A reflexão de um blogueiro descendente de alemães segundo a qual, a rigor, cada bebê que nasce a mais do que um homem que morre é nocivo à natureza, pois irá consumir alimentos e bens que precisarão ser produzidos, transportados e consumirão energia e recursos naturais, talvez explique o estranho paradoxo entre produção de energia e preservação do Meio Ambiente.
Até o ano de 2002 a política energética conduziu ao aumento das tarifas, à redução dos investimentos nesse imprescindível setor da economia e ao racionamento. Até um seguro apagão foi criado, onerando o consumidor, com o fim de indenizar as concessionárias por alegados prejuízos e criar um fundo para consumar alternativas que produziriam energia mais cara que as hidrelétricas, com destinação restrita a cobrir períodos hidrologicamente desfavoráveis (secas).
Naturalmente que alternativas há para uma política energética ecologicamente mais saudável e economicamente mais ajustada à estrutura produtiva do país.
Lembra Valéria Comitre que o desenvolvimento de novas técnicas agrícolas gerou avanços na produtividade, mas atingiu alto padrão de consumo energético provocando o impasse entre a necessidade urgente de geração de energia elétrica e os danos de ordem ambiental que podem advir.

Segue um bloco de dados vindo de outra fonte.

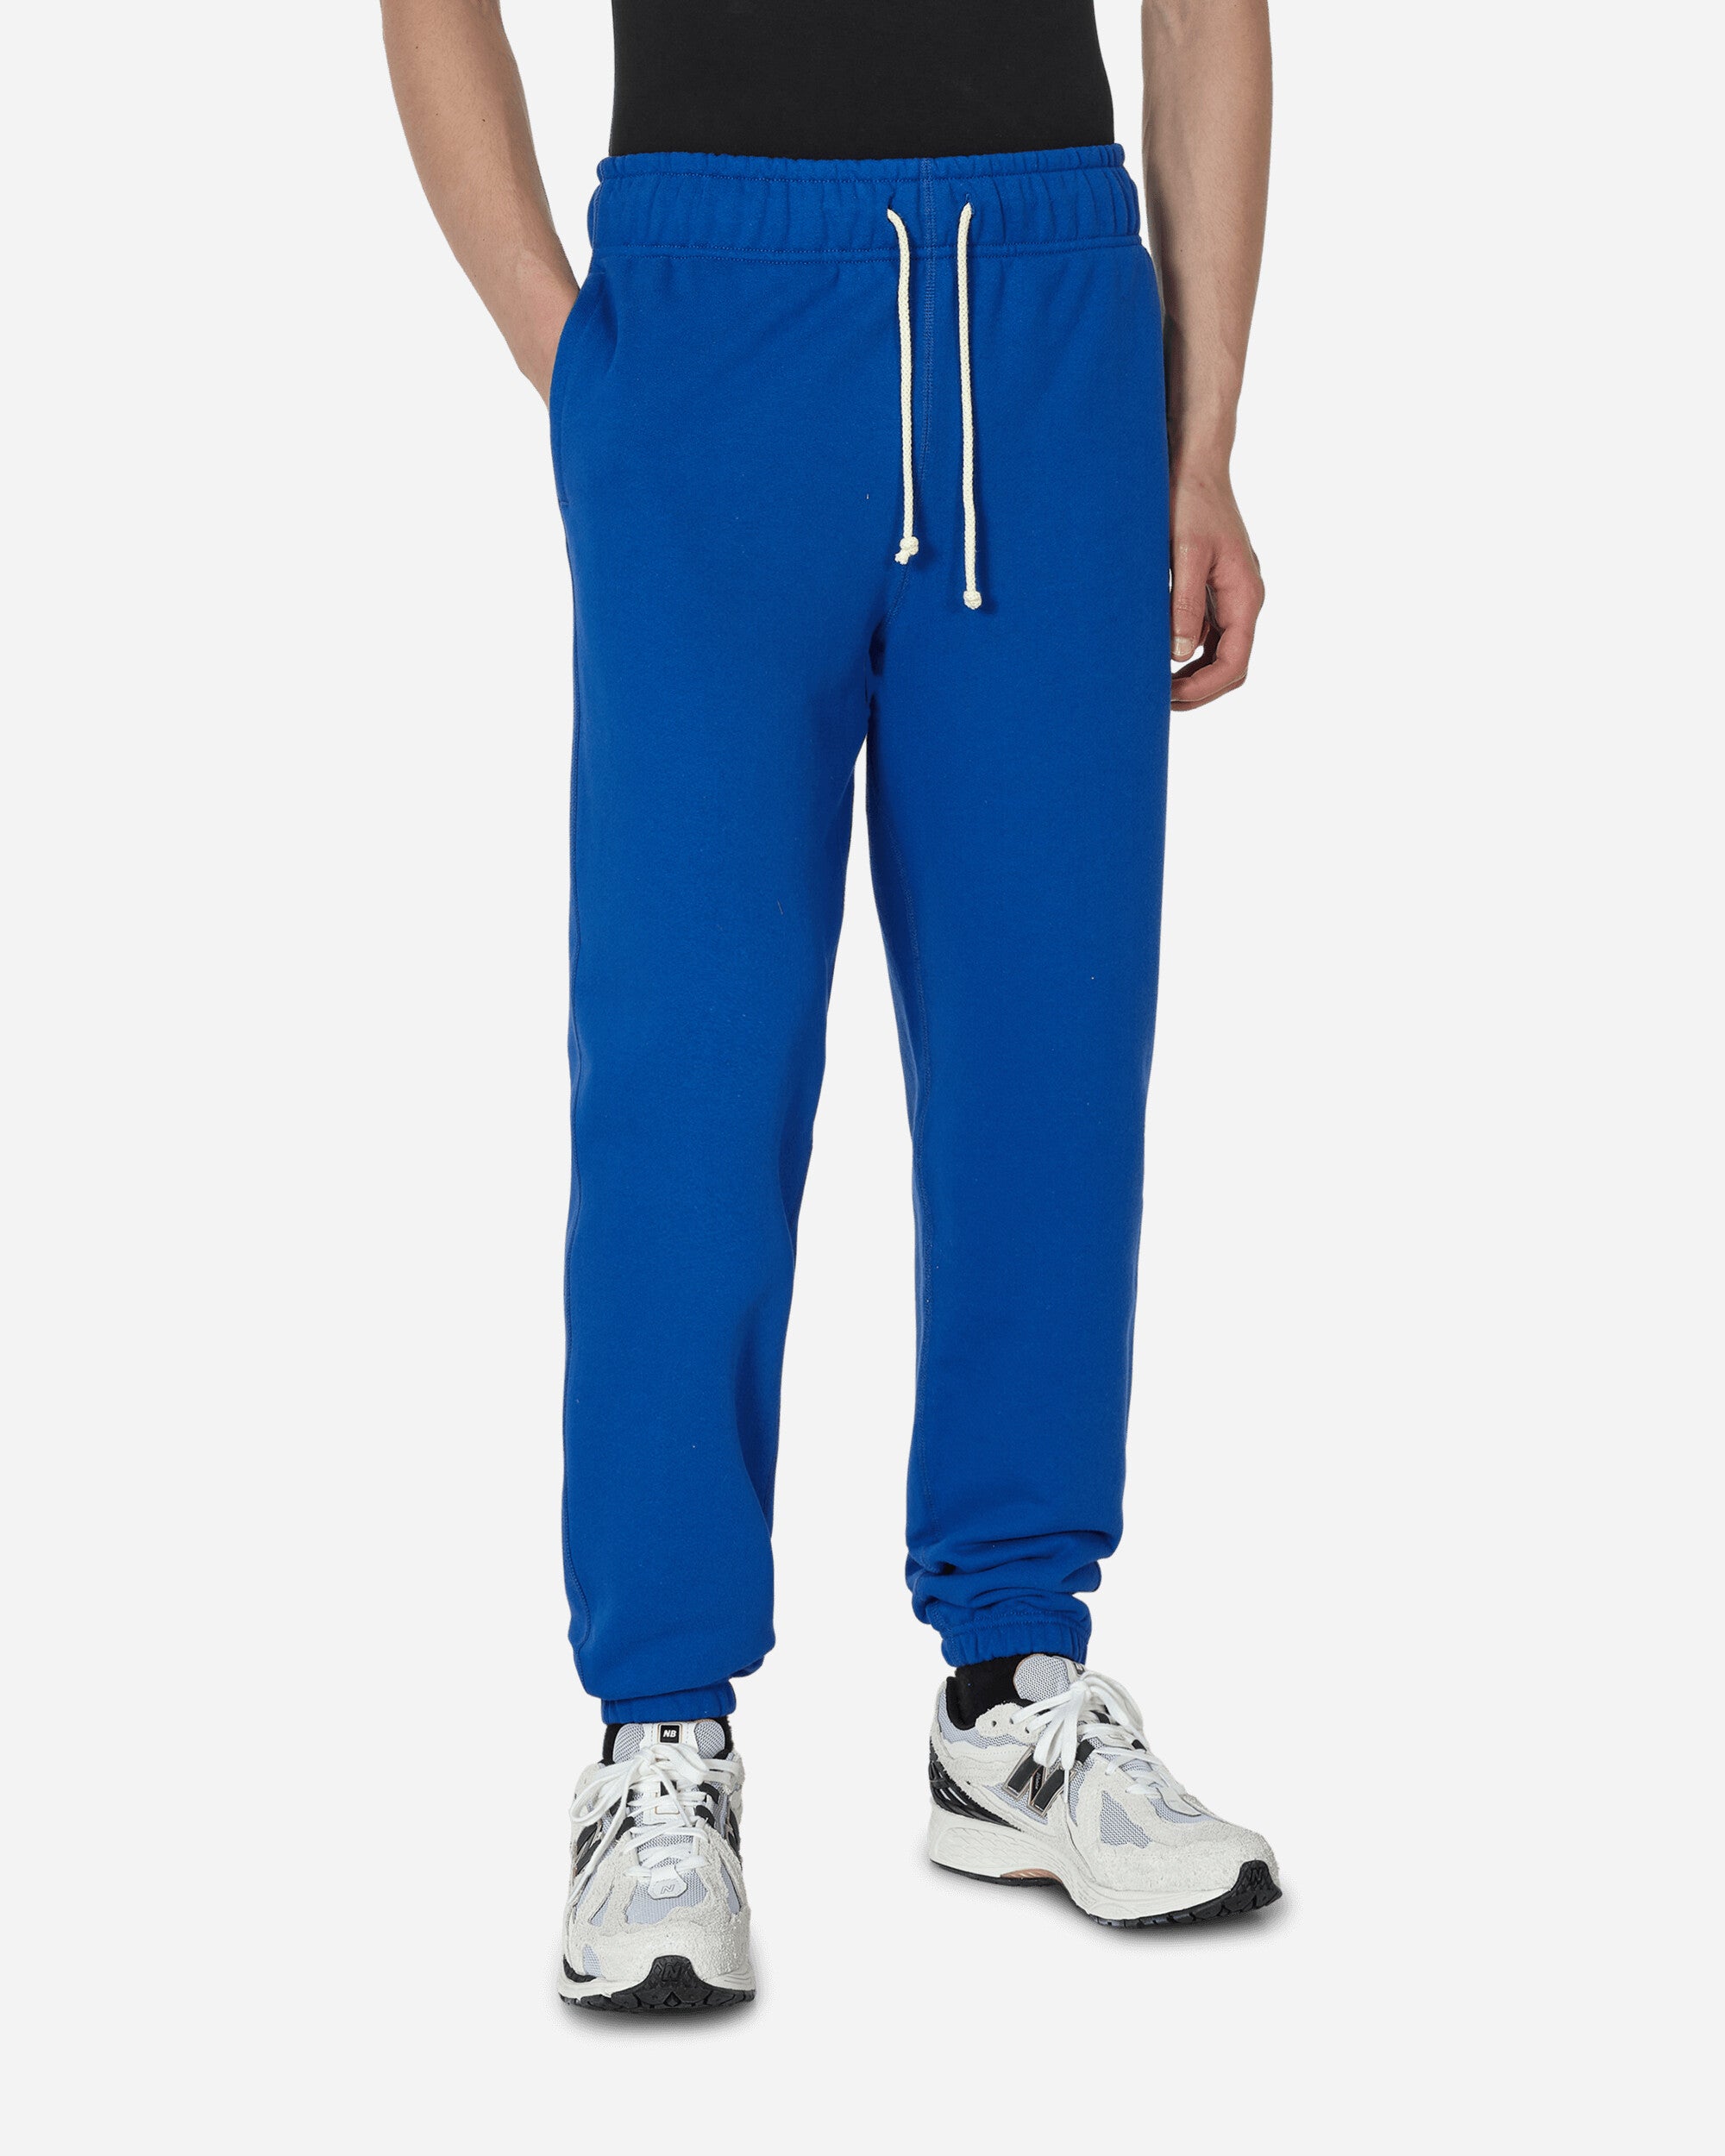 New Balance MADE in USA Core Sweatpants Royal Blue - Slam Jam Official ...

O Movimento dos Atingidos pelas Barragens acusa o governo de conduzir o setor elétrico sem pesquisa e sem planejamento e de entregá-lo à iniciativa privada, mas ao mesmo tempo afirma que o governo baseia a produção de energia somente em hidrelétricas, embora este país tenha um potencial energético muito rico em rios, sol, ventos e biomassa.
O debate é envolvente, pois se coloca de um lado a necessidade do aproveitamento racional desses recursos energéticos, do outro a expansão da economia que obriga o Brasil a aumentar em pelo menos 5% a oferta de energia ao ano. Em artigo publicado em 26 de março de 2008, Ângela Pimenta escreveu que a expansão da economia é um grande feito, tanto para as camadas mais pobres da população, que passam a ter acesso a bens como eletrodomésticos, quanto para a indústria brasileira, que os produz. Só que esse fenômeno tem um lado preocupante – o aumento do consumo de energia elétrica que somente em 2007 foi de 6,5 %. Para atender a esse consumo, governo e setor produtivo estão numa corrida contra o tempo.
As projeções são de que o consumo de energia elétrica deve, num cenário conservador, crescer no mínimo 5% ao ano até 2012. E quando se fala em expansão da economia e aumento da produção industrial, estamos falando de progresso e desenvolvimento.
Qualquer movimentação nesse sentido implica em expandir as fontes de energia, até porque, com ou sem o “espetáculo do crescimento”, a indústria no Brasil consome 48,4% da energia, o setor residencial apenas 25,3% do consumo e o restante é distribuído entre comércio e serviços (13,5%) meio rural (3,8%) e serviços públicos (8,7%).
Mas é preciso que se tome cuidado, pois tem-se a impressão de que para todo projeto desenvolvimentista que se pretende instalar no Maranhão estão fazendo uma projeção de fim de mundo. Assim foi com o Pólo Siderúrgico, assim com a Hidrelétrica de Estreito, assim será com a Refinaria da Petrobrás, com o gasoduto e com o estaleiro para fabricação de navios, acalentado pelo governador Jackson Lago. Os cuidados com o frágil ecossistema de São Luís são imprescindíveis, mas precisamos ter mais cuidado na hora de mobilizar os pobres contra o progresso apenas lhes sobrecarregando de projeções futuristas catastróficas que na maioria das vezes não tem qualquer embasamento científico.